DATA EXCERPT »
------------------------
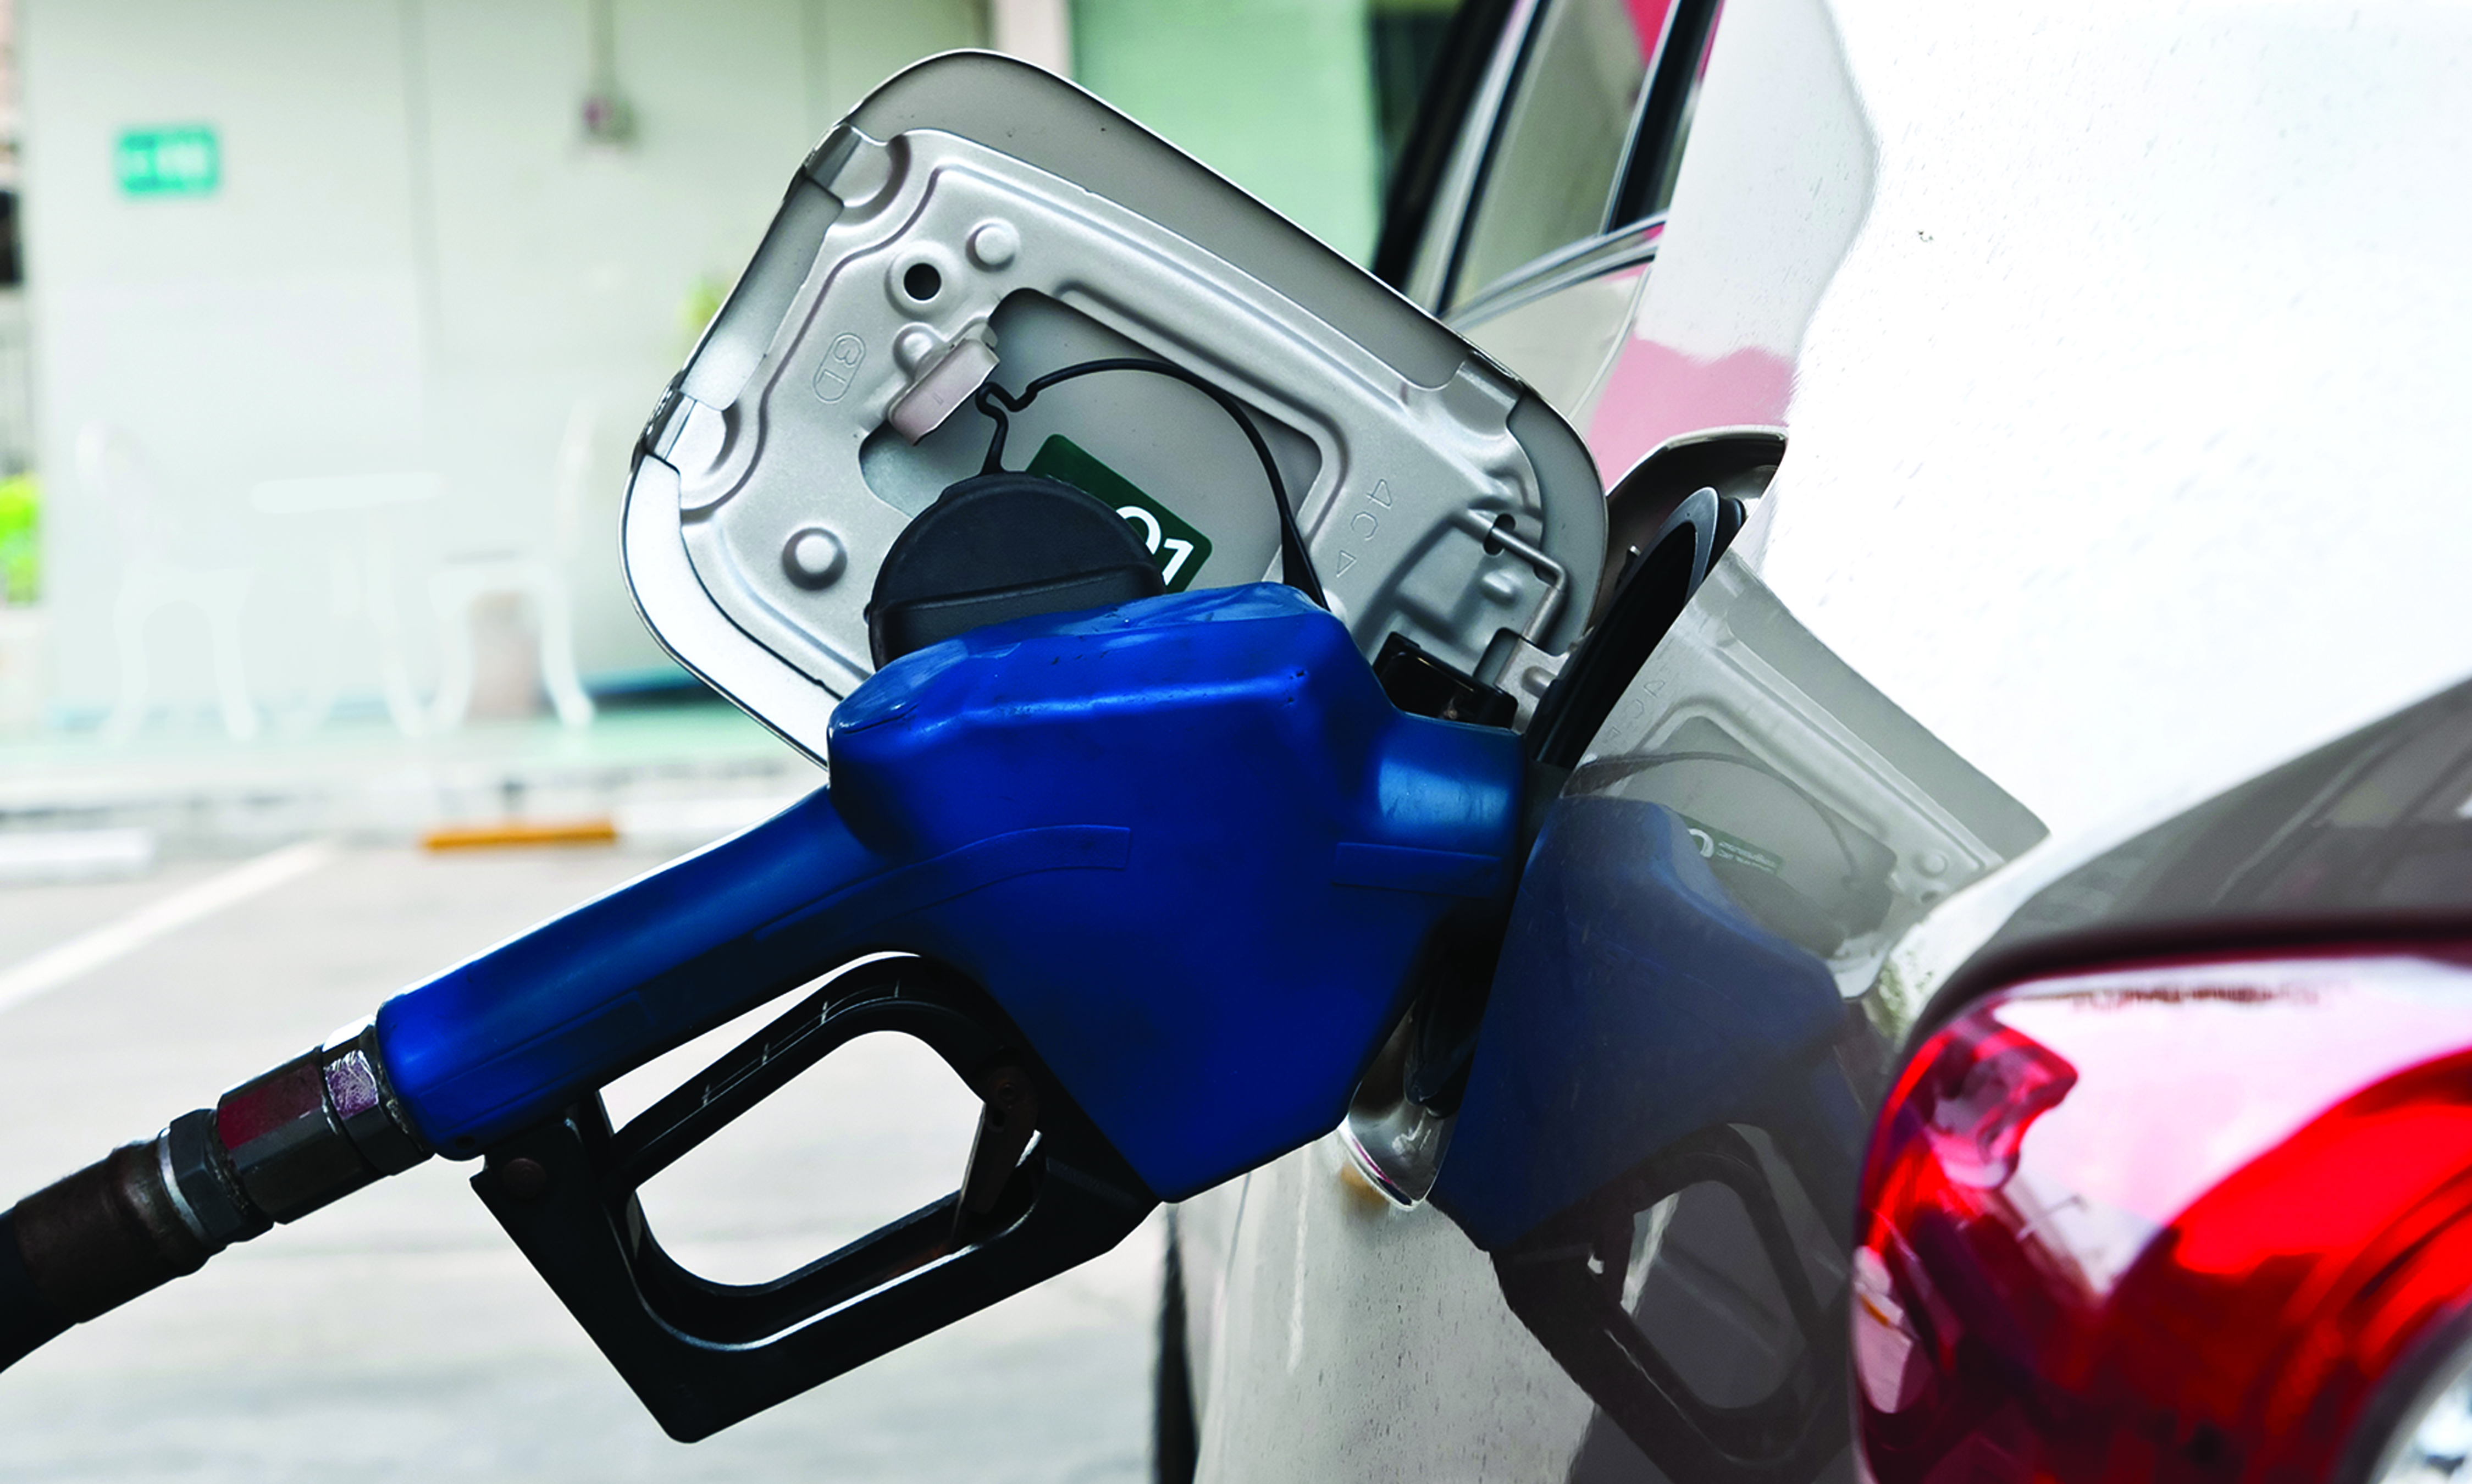 بنزین موردنیاز کشور از پالایشگاههای داخلی و واردات یورو ٤ تامین می شود
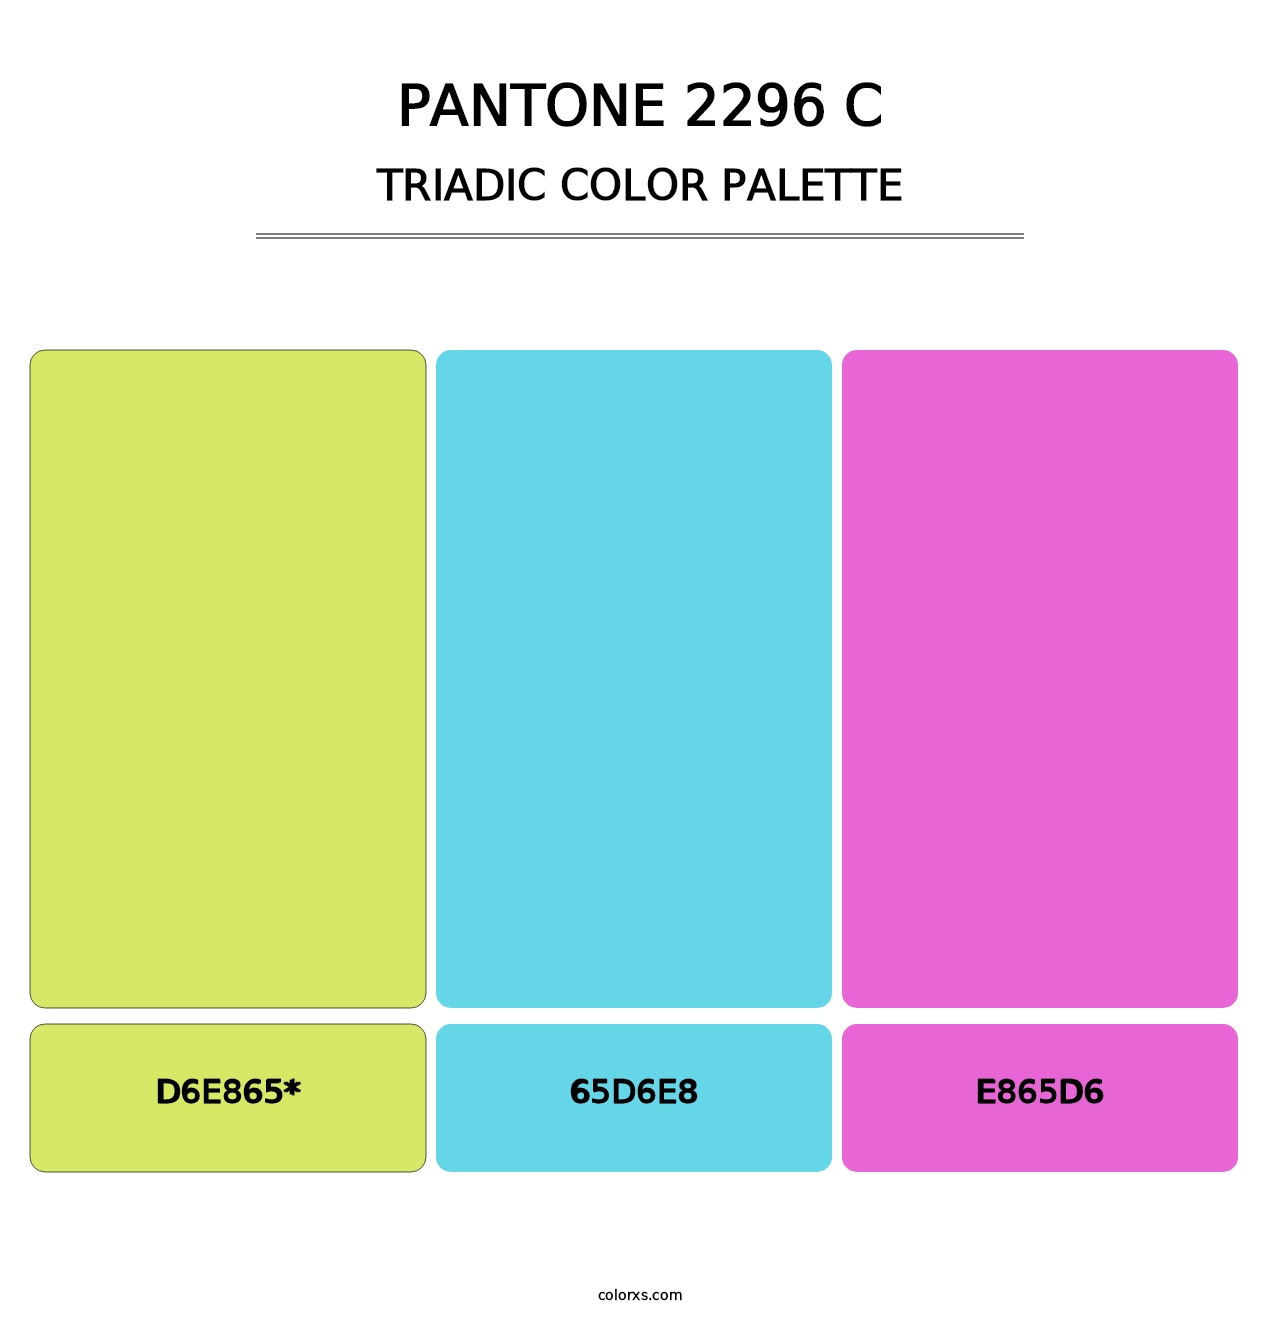 PANTONE 2296 C - Triadic Color Palette
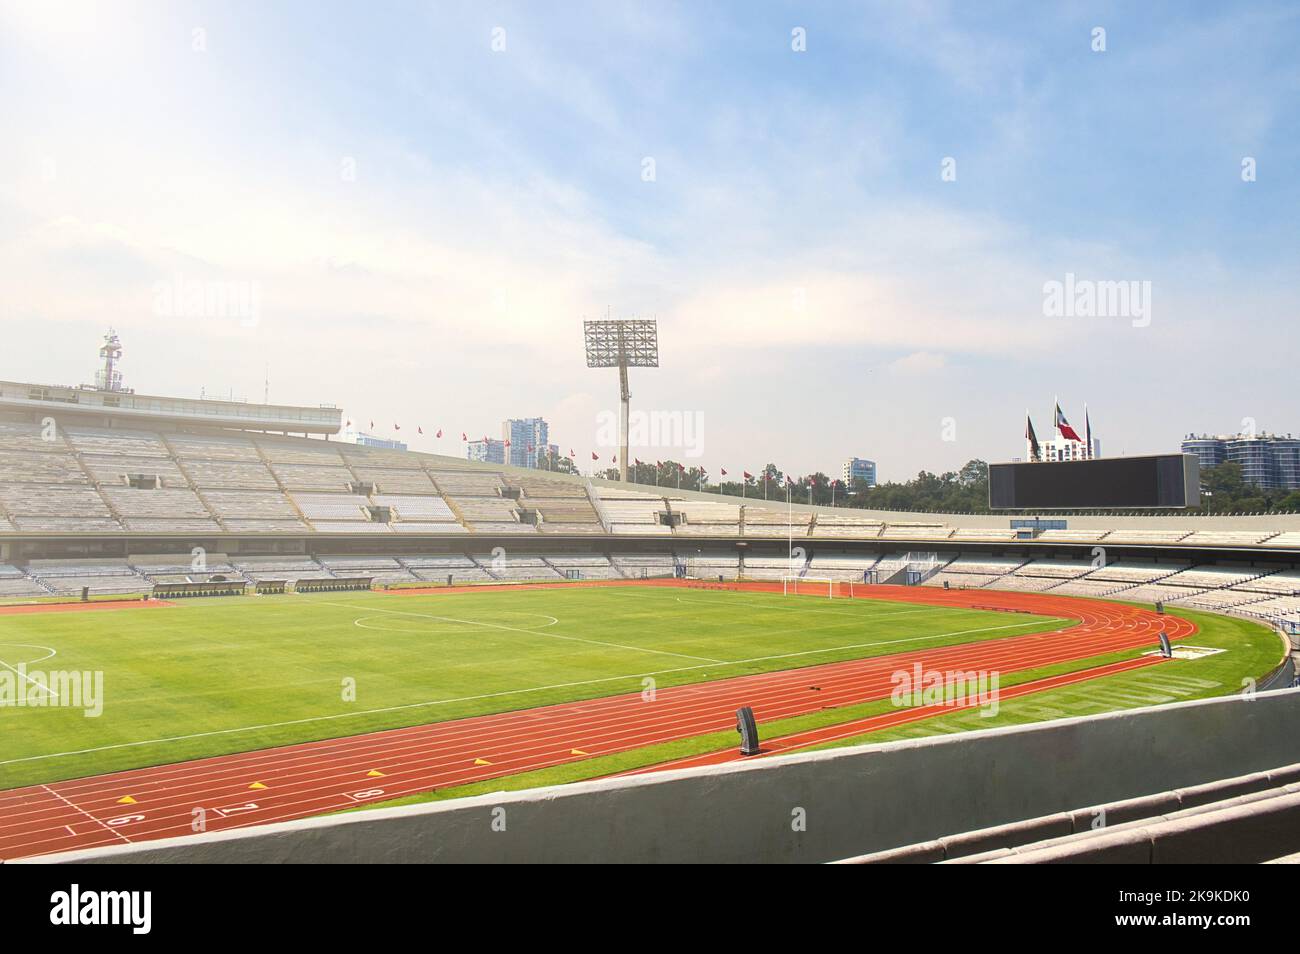 Un stade olympique universitaire de football UNAM mexique Banque D'Images
------------------------
WORK TO COMPLETE »
Nothing but the pictures may be dropped; restate the material word for word.

EXERCISE RESPONSE »
 بنزین موردنیاز کشور از پالایشگاههای داخلی و واردات یورو ٤ تامین می شود
 PANTONE 2296 C - Triadic Color Palette
 Un stade olympique universitaire de football UNAM mexique Banque D'Images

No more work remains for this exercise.